### Heroes Of Pymoli Data Analysis
* Of the 1163 active players, the vast majority are male (84%). There also exists, a smaller, but notable proportion of female players (14%).

* Our peak age demographic falls between 20-24 (44.8%) with secondary groups falling between 15-19 (18.60%) and 25-29 (13.4%).  
-----

### Note
* Instructions have been included for each segment. You do not have to follow them exactly, but they are included to help you think through the steps.

In [None]:
# Dependencies and Setup
import pandas as pd
import numpy as np

# File to Load (Remember to Change These)
file_to_load = "Resources/purchase_data.csv"

# Read Purchasing File and store into Pandas data frame
purchase_data_df = pd.read_csv(file_to_load, encoding="utf-8")

## Player Count

* Display the total number of players


In [None]:
#Display the total number of players
player_count = len(purchase_data_df["SN"].unique())
#Place all the data into player count dataframe
player_count_table = pd.DataFrame({"Total Players":[player_count]})
player_count_table

## Purchasing Analysis (Total)

* Run basic calculations to obtain number of unique items, average price, etc.


* Create a summary data frame to hold the results


* Optional: give the displayed data cleaner formatting


* Display the summary data frame


In [None]:
#Obtain number of unique items
unique_items = len(purchase_data_df["Item ID"].unique())
number_of_purchases = purchase_data_df["Purchase ID"].count()
#Obtain average price
average_price = purchase_data_df["Price"].sum()/number_of_purchases
#Obtain total revenue
total_revenue = purchase_data_df["Price"].sum()

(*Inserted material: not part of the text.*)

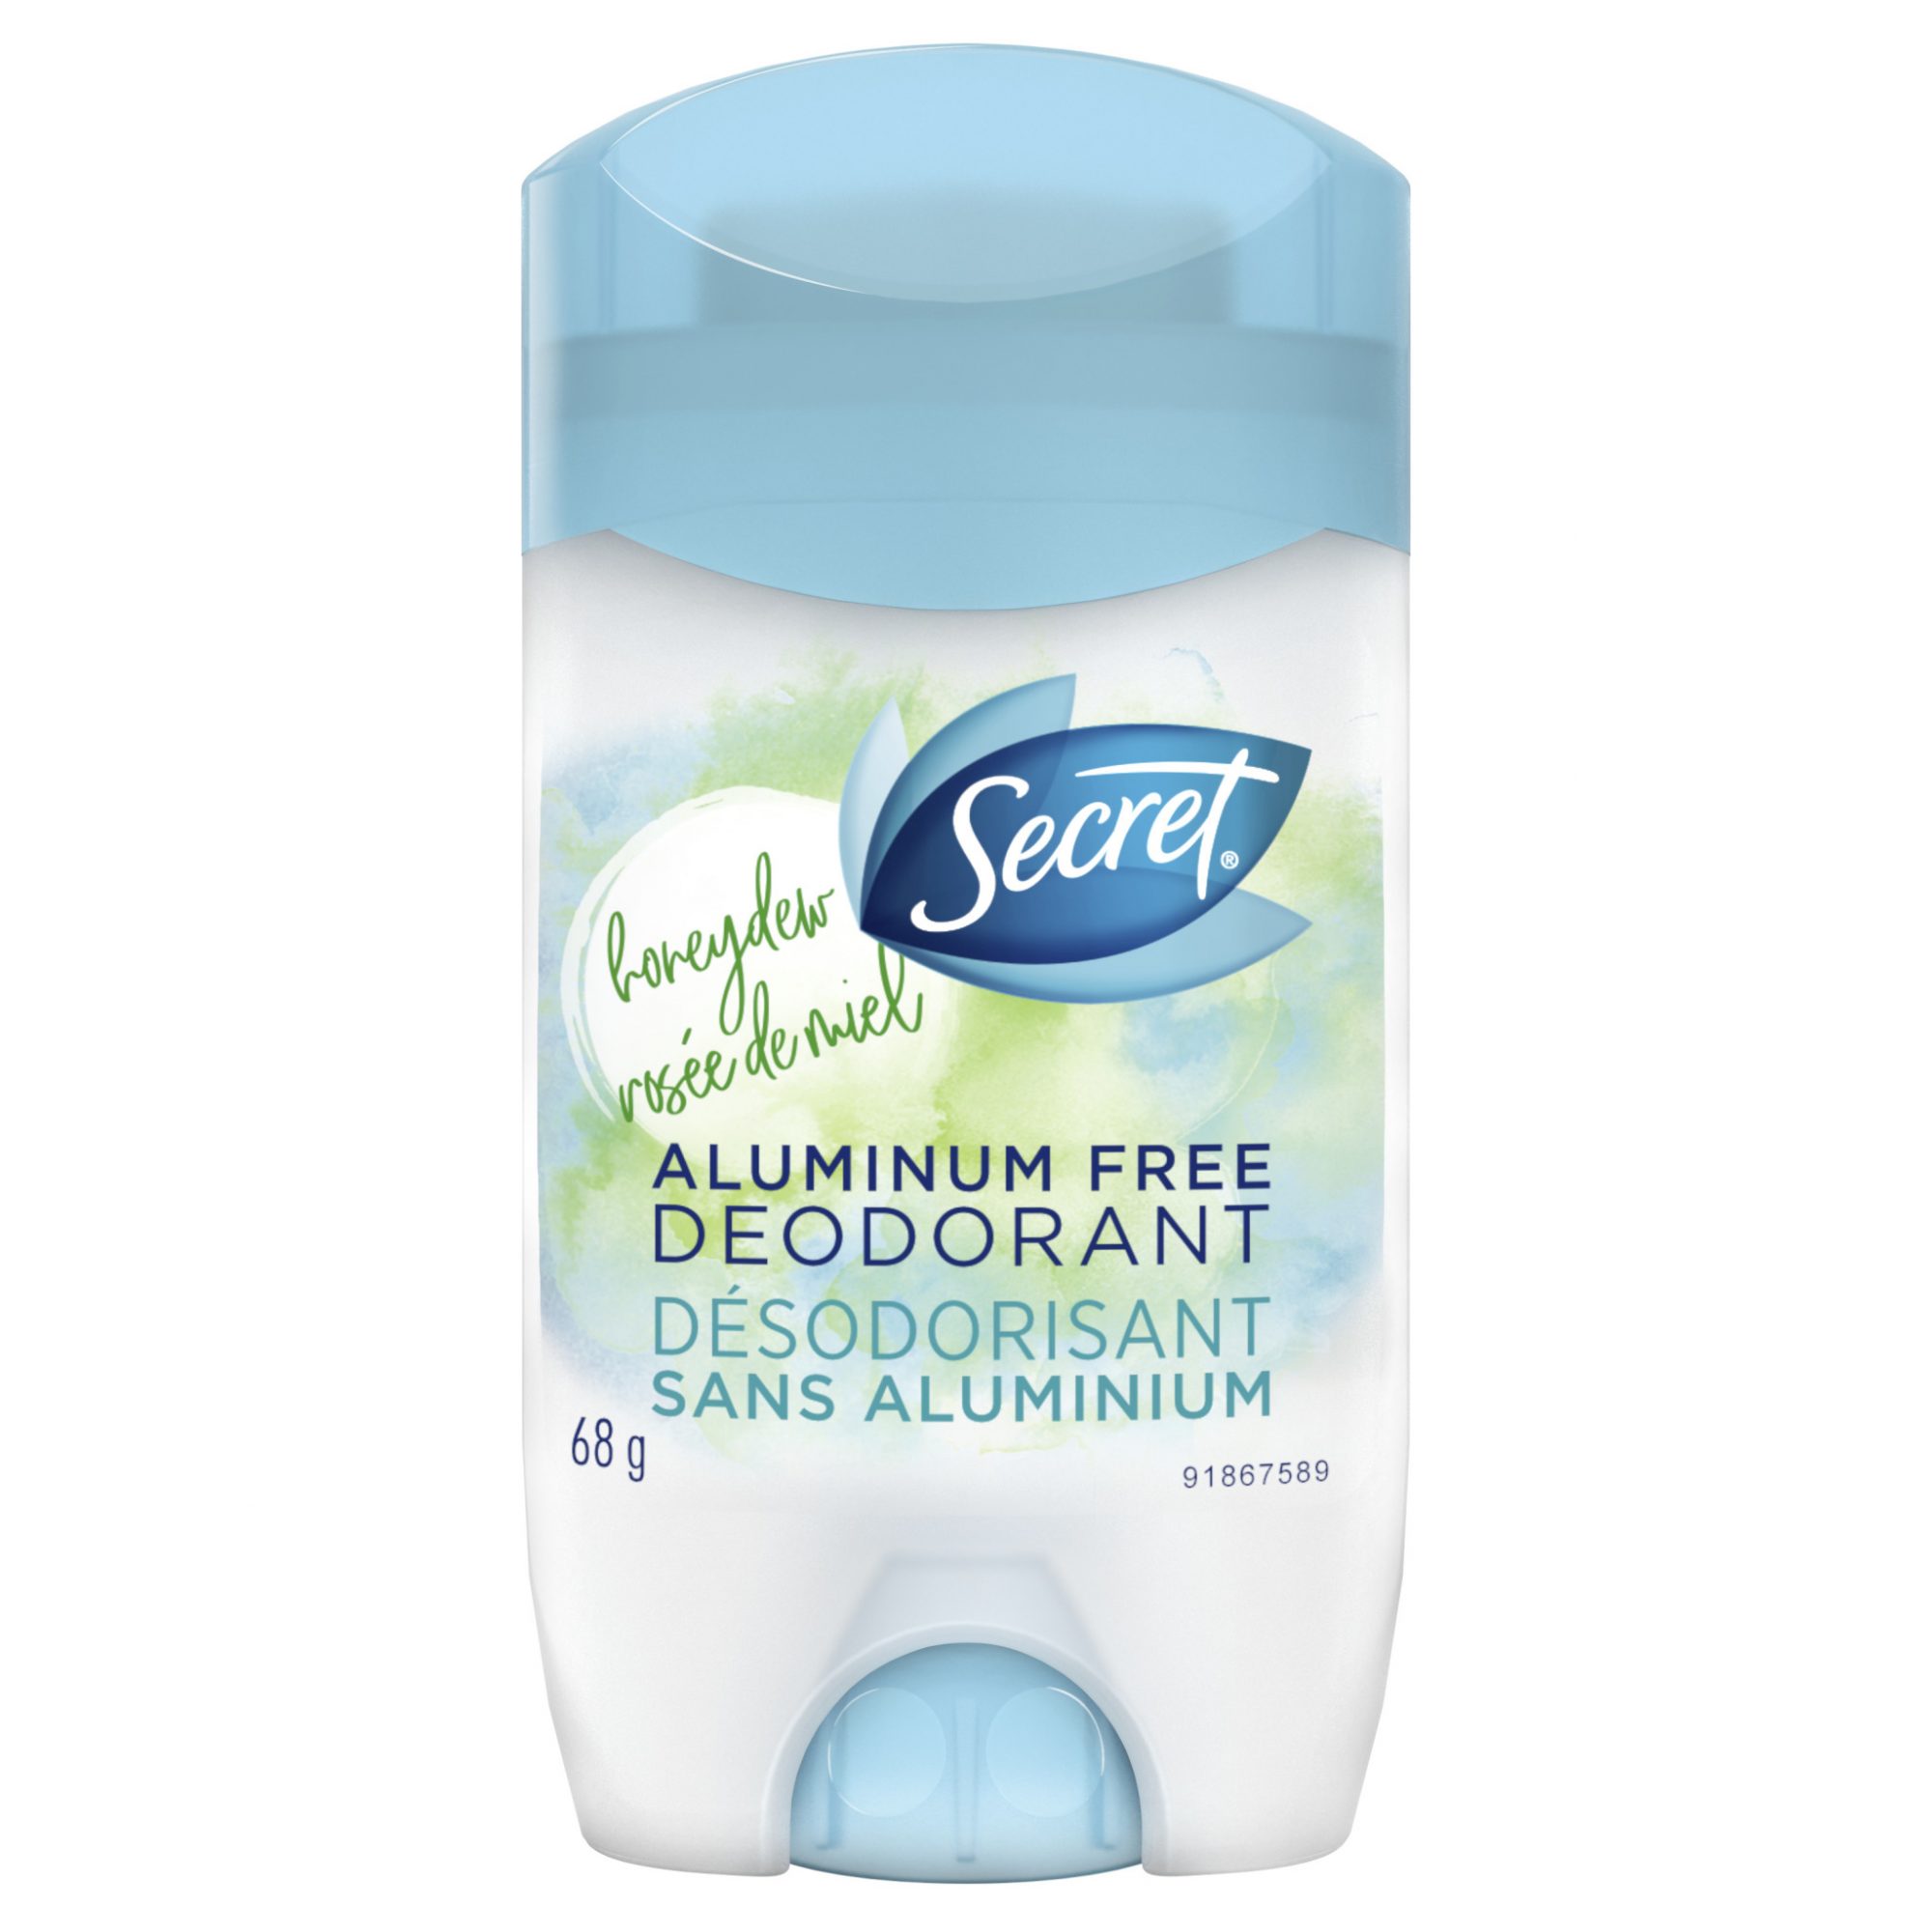 Secret aluminum-free deodorant

#Create DataFrame using Dictionary of Arrays  
purchasing_analysis = pd.DataFrame({
    "Number of Unique Items":unique_items,
    "Average Price": average_price,
    "Number of Purchases":number_of_purchases,
    "Total Revenue":[total_revenue]
})
#Formating the Price 
purchasing_analysis["Average Price"] = purchasing_analysis["Average Price"].map("${:.2f}".format)
purchasing_analysis["Total Revenue"] = purchasing_analysis["Total Revenue"].map("${:.2f}".format)

purchasing_analysis

## Gender Demographics

* Percentage and Count of Male Players


* Percentage and Count of Female Players


* Percentage and Count of Other / Non-Disclosed




In [None]:
#Creating dataframe for SN , Gender column and remove duplicate
gender_name_df = pd.DataFrame(purchase_data_df, columns=["SN","Gender"]).drop_duplicates()
#Count the player with gender after removing duplicates
gender_count = gender_name_df["Gender"].value_counts()
gender_percentage = round((gender_name_df["Gender"].value_counts()/len(gender_name_df["Gender"]))*100,2)
data_gender = {"Total Count":gender_count,"Percentage of Players":gender_percentage}
#Create new dataframe for Gender Demographics results
gender_demographics = pd.DataFrame(data_gender)
gender_demographics


## Purchasing Analysis (Gender)

* Run basic calculations to obtain purchase count, avg. purchase price, avg. purchase total per person etc. by gender




* Create a summary data frame to hold the results


* Optional: give the displayed data cleaner formatting


* Display the summary data frame

In [None]:
#Grouping of purchase count by gender
purchase_count = purchase_data_df.groupby(["Gender"])["Purchase ID"].count()
#Calculate average purchase count
avg_purchase_price = round(purchase_data_df.groupby(["Gender"])["Price"].mean(),2)
total_purchase_value = purchase_data_df.groupby(["Gender"])["Price"].sum()
player_count_by_gender = purchase_data_df.groupby(["Gender"])["SN"].count()
avg_purchase_total_per_person = round(total_purchase_value/gender_count,2)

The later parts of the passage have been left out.